So, I just had to corner Donoho, tell him how much I liked his paper, and try to play a game of 20 Questions. As I recall, my opening question was: did you talk to Tukey, Chambers, Breiman, and Cleveland before writing the paper to get their input or perspective? Donoho’s reply was something like, “I’ve known them for years and worked with them.” This dumbfounded me - how could a guy who looked so much younger than me possibly work with that generation of statisticians, whose work I studied in grad school nearly 30 years earlier? I just had to pry and asked him how that was even possible [as soon as I could check Wikipedia, I learned that Donoho is 7 years OLDER than me - Palo Alto water must spring forth from the Fountain of Youth]. The details are fuzzy at this point, but Donoho explained that he went to Princeton for his undergraduate degree and worked as a statistical programmer for John Tukey and so was able to work with John Chambers and Bill Cleveland at Bell Labs. I tried to articulate my fan-boy admiration of the Princeton-Bell Labs-Institute for Advanced Study innovation cluster, but I’m afraid the wine and warm, dry air were too good. Then I asked how he knew Leo Breiman, and Donoho told me he worked at the University of California at Berkeley while Breiman was there. And then he told me an anecdote that blew my mind: he was sitting in a Berkeley wine bar with Ross Ihaka and said to him something like: “You know what you should do - rewrite S using a Lisp dialect, like Scheme.”

Dang! Not only did Donoho personally know and work with the statisticians whose papers, books, and methods I’ve read and utilized for nearly 30 years, he put in motion thoughts that led to the creation of R, which I use almost every day! While I certainly didn’t know Tukey, Chambers, Breiman, and Cleveland personally like Donoho did, they were key inspirations over my 25+ years of “50 Years of Data Science”.

John Tukey

From what I can determine, John Tukey spent his entire career simultaneously at Princeton and Bell Labs, and, as his Wiki page attests, his influence on both world-class institutions and the rest of the world was amazing. The more I think about it, the more impressed I am that a very young David Donoho was able to work for John Tukey while attending Princeton in the mid-1970s - was that due to happenstance or planned? I never even heard of Tukey until his name kept popping up in my grad school classes, especially in my Design Of Experiments (DOE) and Exploratory Data Analysis (EDA) classes. My EDA course was based on two books:

  1. Applications, Basics, and Computing of Exploratory Data Analysis (ABCs of EDA) by Paul F. Velleman and David C. Hoaglin

  2. Graphical Methods for Data Analysis (GMDA) by John M. Chambers, William S. Cleveland, Beat Kleiner, and Paul A. Tukey (all Bell Labs staff)

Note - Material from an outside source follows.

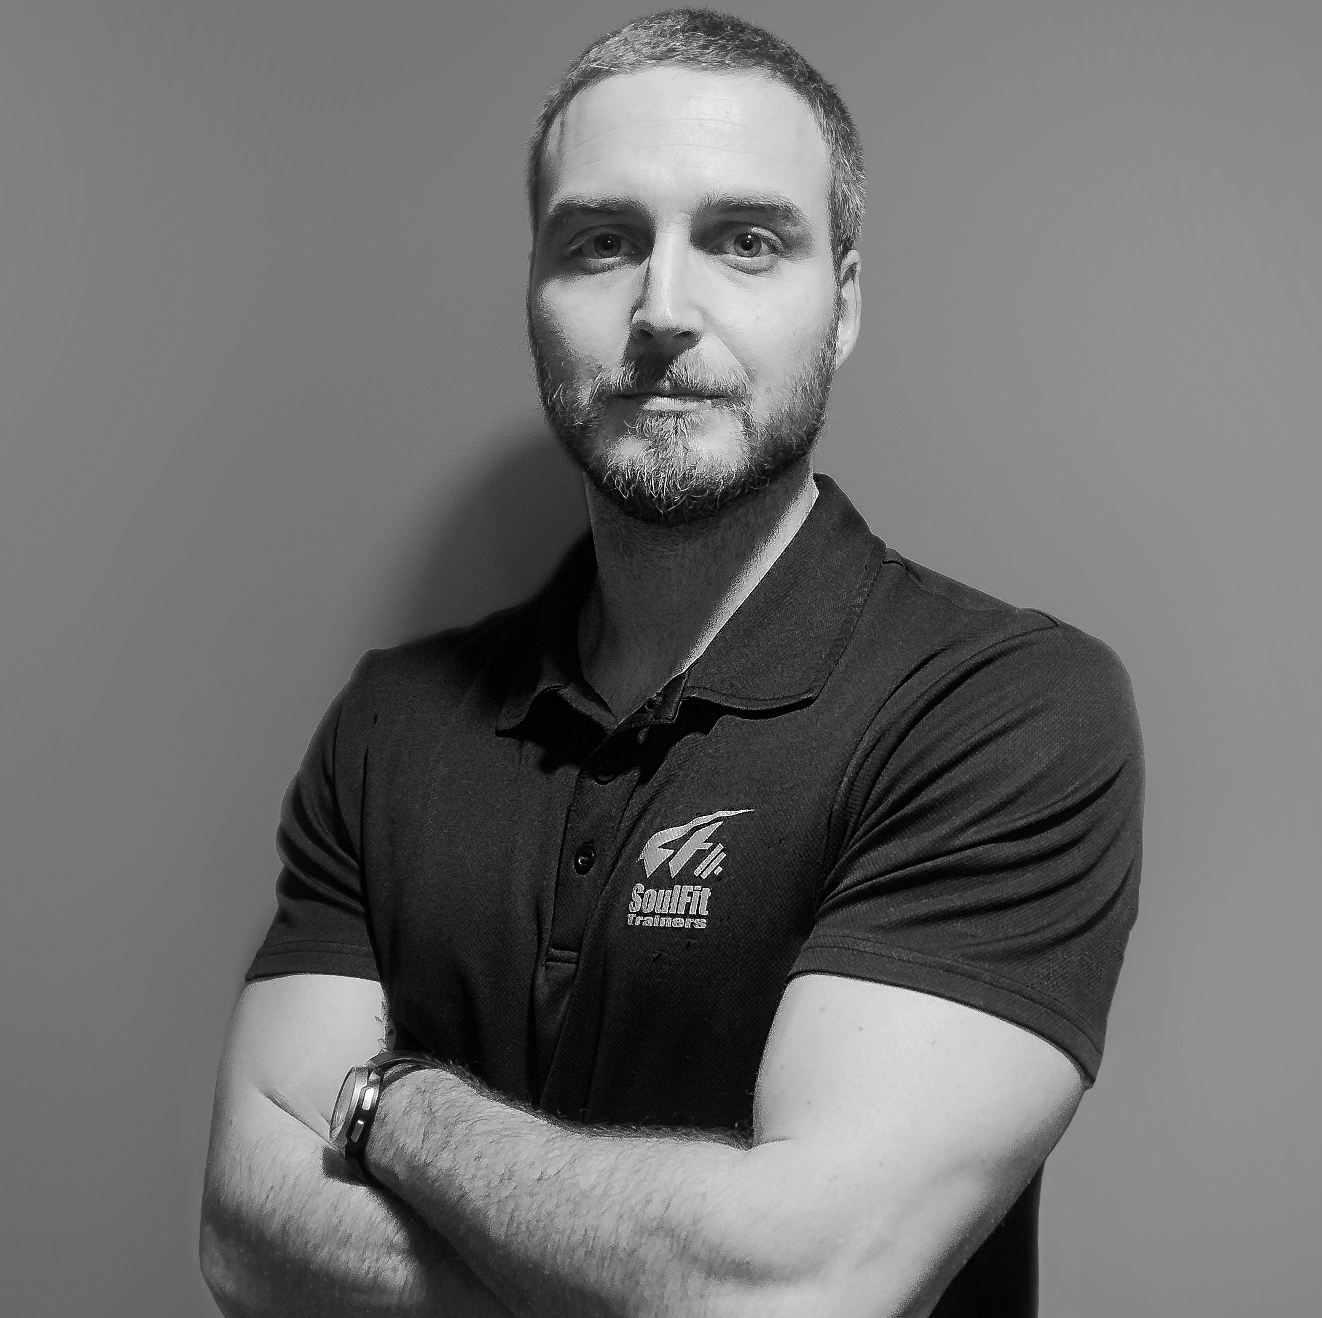 Eduardo personal trainer soulfit

The ABCs of EDA was dedicated to John W. Tukey, and both Velleman and Hoaglin were PhD students of Tukey’s at Princeton. To implement Tukey’s techniques, the book was filled with Basic code and Fortran code, which I knew fairly well at the time - along with Pascal - from my undergraduate studies; however, for the sake of expedience we were able to use Minitab and Minitab macros to do the examples and exercises.

GMDA was dedicated to “To our parents,” while its Preface stated:

Without the influence of John Tukey on statistics, this book would probably never have been written. His many contributions to graphical methods, his insights into the role good plots can play in statistics and his general philosophy of data analysis have shaped much of the approach presented here. Directly and indirectly, he is responsible for much of the richness of graphical methods available today.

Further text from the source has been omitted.